Justice Himel disagreed with the position taken by the doctors, finding that “treatment” includes the withdrawal of life sustaining intervention and, therefore, requires the consent of the person, if capable, or, if incapable, the person’s substitute decision-maker. In the Court’s view, the doctors’ position was not consistent with the enumerated purposes of the HCCA, and, particularly, section 1(a): to provide rules with respect to consent to treatment that apply consistently in all settings. According to the Court, if the respondents’ interpretation of the HCCA were accepted, “no consistent rules regarding the withdrawal of life support in Ontario would exist,” since “[w]hether or not substitute decision-makers would be given an opportunity to consent would depend on the doctor in question, with recourse only being had to the Consent and Capacity Board at the doctor’s discretion.” The Court opined that including the withdrawal of life support in the definition of treatment “ensures that family members, specifically substitute decision makers, play a significant and important role in end of life decisions.” Furthermore, by way of section 37 of the HCCA, the Act permits doctors to challenge a substitute decision-maker’s decision to refuse consent to a proposed plan, by applying to the Consent and Capacity Board for a determination as to whether a substitute decision-maker’s decision to maintain life support is in the best interests of the patient, in accordance with section 21 of the HCCA. The Court concluded by stating: “While no end of life decision can be easy, the process established by the HCCA provides consistency and ensures a full consideration of an incapable person’s best interests in cases such as this.”

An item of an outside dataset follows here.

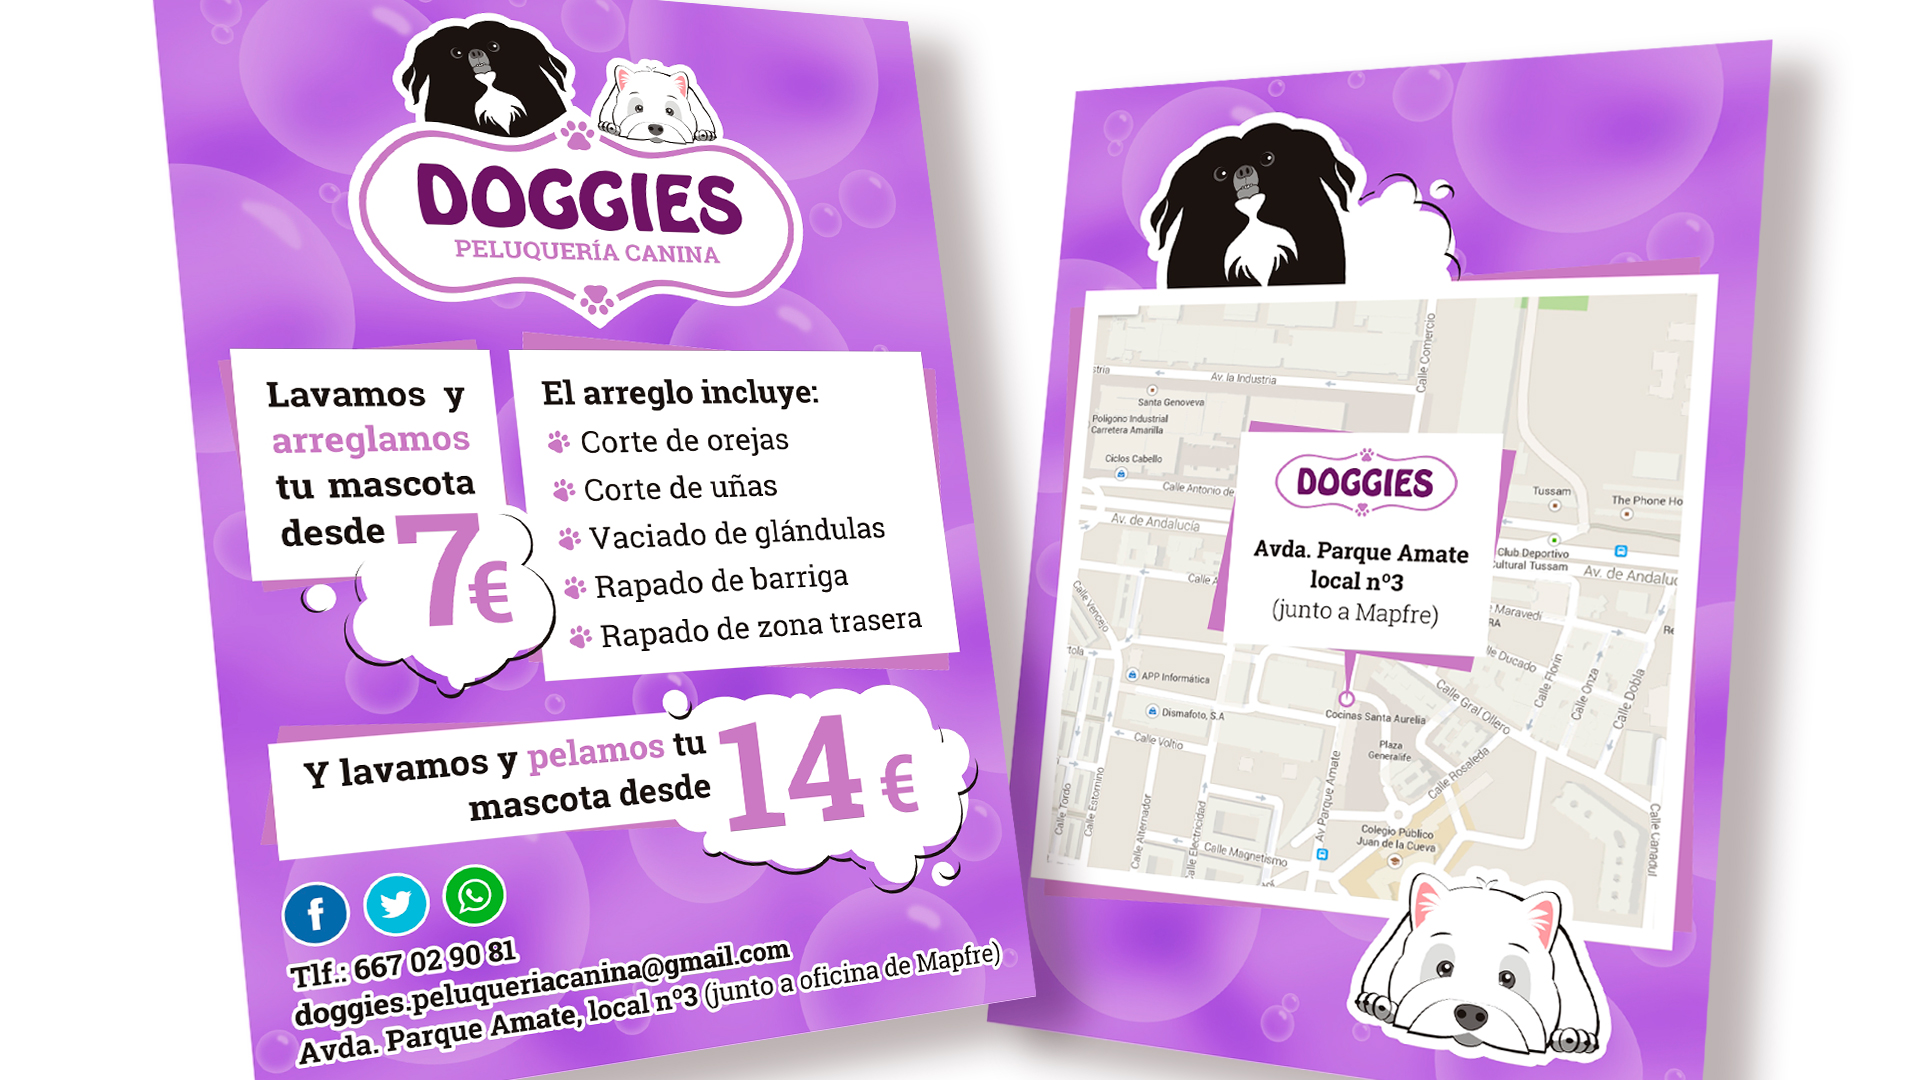 DOGGIES - Flyers
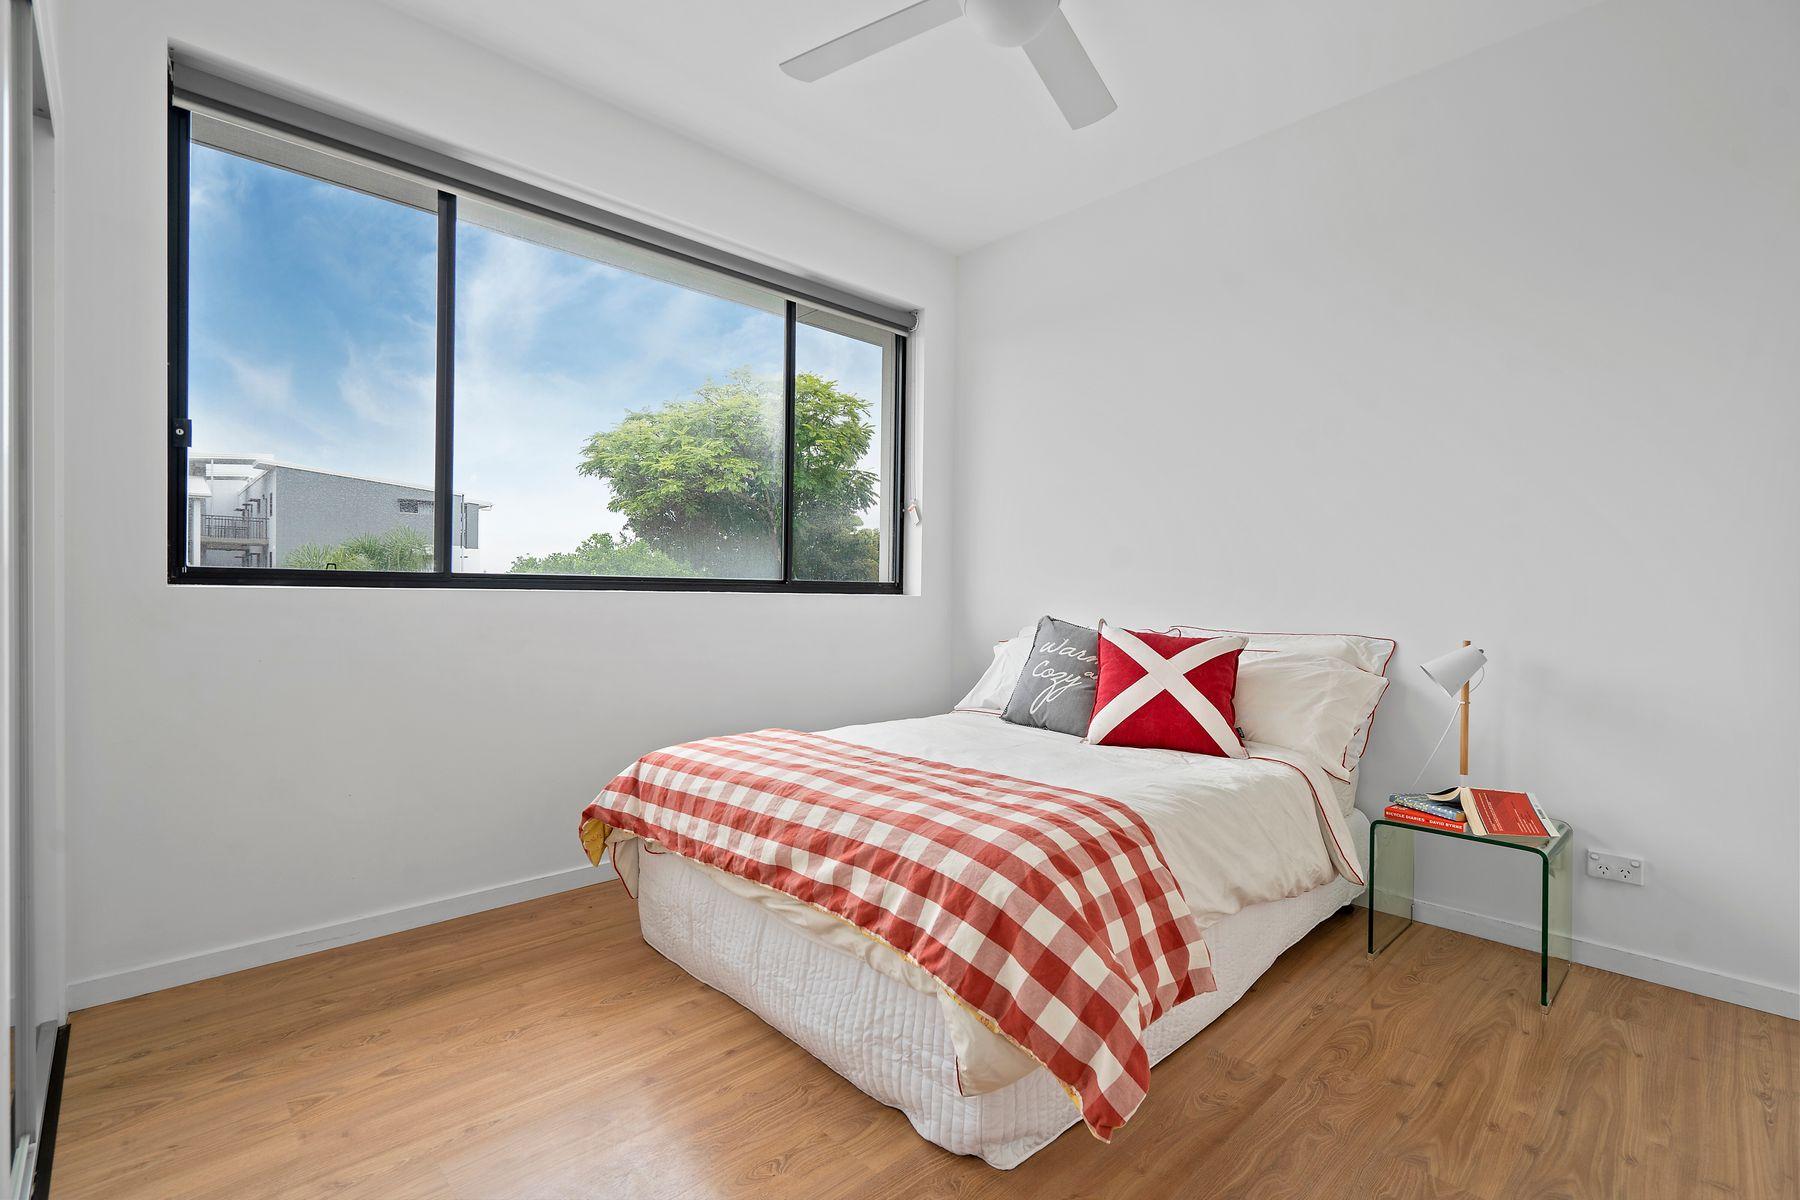 13/51-55 Lumley Street, Upper Mount Gravatt, QLD 4122

Justice Himel was of the view that the physicians’ proposal to end life sustaining treatment to Mr. Rasouli must be referred to the Consent and Capacity Board. The Respondents appealed this decision.

It is quite true, as stated by Justice Himel, that end of life decisions are not easy. Adjudicating on how they should be made, as the Court of Appeal has now been called upon to do, is no easy feat either—particularly when the implications truly are life or death. It will be very interesting to see how the Court of Appeal decides this important case.

This paper is intended for the purposes of providing information only and is to be used only for the purposes of guidance. This paper is not intended to be relied upon as the giving of legal advice and does not purport to be exhaustive.